Regular expressions

basic
Published

January 25, 2024

Regular expressions (regex or regexp) are powerful tools for pattern matching within strings. JavaScript provides built-in support for regex, making them useful for tasks like data validation, text manipulation, and search functionality. This post will look at the core concepts and provide practical examples to help you master JavaScript’s regex capabilities.

Understanding the Basics

A regular expression is essentially a pattern described using a specific syntax. This pattern is then used to search for matches within a given string. In JavaScript, regex patterns are enclosed within forward slashes / /. Let’s start with a simple example:

const string = "The quick brown fox jumps over the lazy dog.";
const pattern = /fox/; // Matches the literal string "fox"
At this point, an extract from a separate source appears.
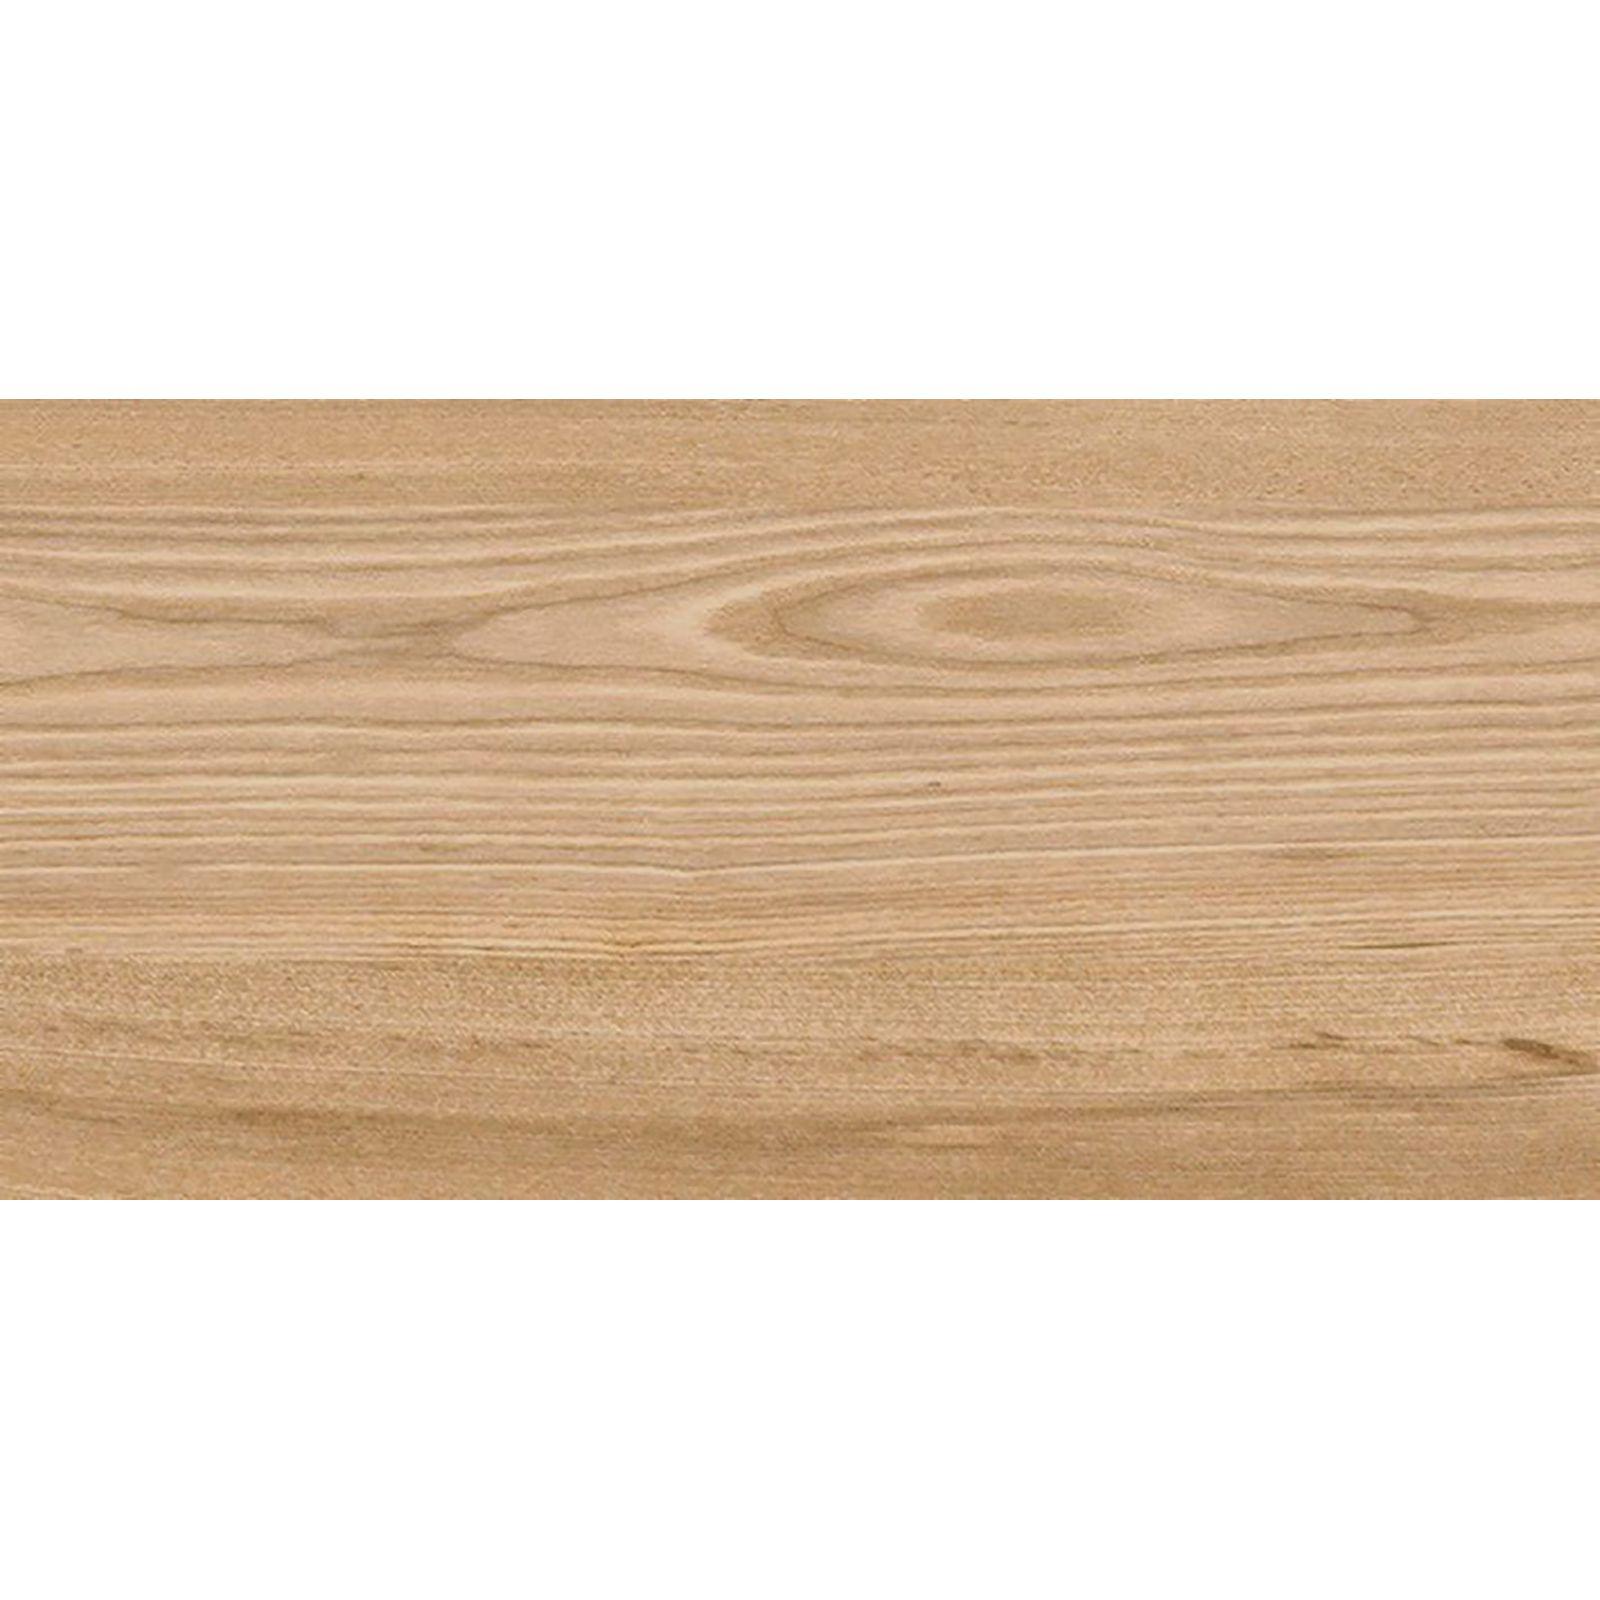 Bunnings - Johnson Tiles 10 x 10mm Natural Wood Flamed Teak

const match = string.match(pattern);
console.log(match); // Output: ['fox', index: 16, input: 'The quick brown fox jumps over the lazy dog.', groups: undefined]
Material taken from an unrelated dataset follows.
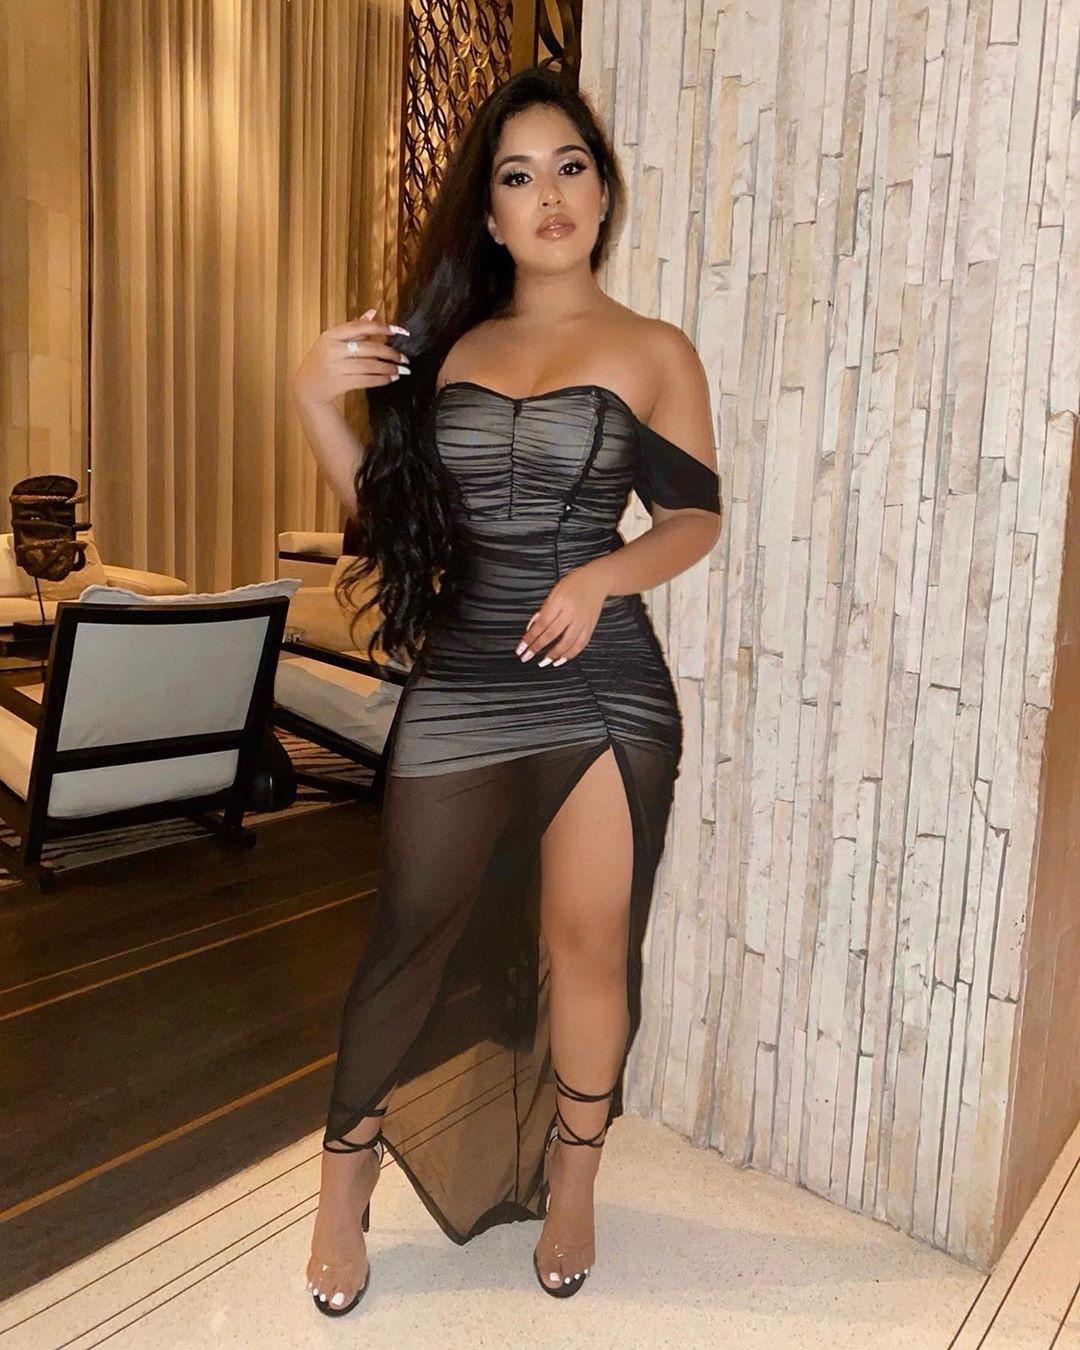 Sadey Ali dress outfit ideas, instagram photoshoot, hot legs

This code snippet demonstrates a basic regex that matches the literal string “fox”. The match() method returns an array containing the matched substring, its index, and other metadata.

Character Classes and Quantifiers

Regex becomes truly powerful when you introduce character classes and quantifiers. Character classes allow you to match a set of characters, while quantifiers specify how many times a character or group should appear.

const string = "My phone number is 123-456-7890.";
const pattern = /\d{3}-\d{3}-\d{4}/; // Matches a phone number in the format XXX-XXX-XXXX

const match = string.match(pattern);
console.log(match); // Output: ['123-456-7890', index: 19, input: 'My phone number is 123-456-7890.', groups: undefined]

Here, \d matches any digit (0-9), and {3} indicates that it should appear three times. The - matches the literal hyphen. This effectively extracts the phone number from the string.

Let’s look at other quantifiers:

  • *: Zero or more occurrences
  • +: One or more occurrences
  • ?: Zero or one occurrence
const string = "colou?r"; // Matches both "color" and "colour"
const pattern = /colou?r/;
const match = string.match(pattern);
console.log(match); // Output: ['color', index: 0, input: 'colou?r', groups: undefined]

const string2 = "apple apples";
const pattern2 = /apple/;
const match2 = string2.match(pattern2);
console.log(match2);
const pattern3 = /apple+/;
const match3 = string2.match(pattern3);
console.log(match3)

Anchors and Flags

Anchors match positions within a string, not characters. The most common anchors are:

  • ^: Matches the beginning of the string
  • $: Matches the end of the string

Flags modify the behavior of the regex:

  • i: Case-insensitive matching
  • g: Global matching (finds all matches, not just the first)
const string = "Hello World!";
const pattern = /^Hello/; // Matches "Hello" only at the beginning of the string
const match = string.match(pattern);
console.log(match); // Output: ['Hello', index: 0, input: 'Hello World!', groups: undefined]


const string2 = "javascript JAVA Javascript";
const pattern2 = /javascript/gi; //Finds all instances of "javascript" regardless of case.
const match2 = string2.match(pattern2);
console.log(match2) // Output: ['javascript', 'JAVA', 'Javascript']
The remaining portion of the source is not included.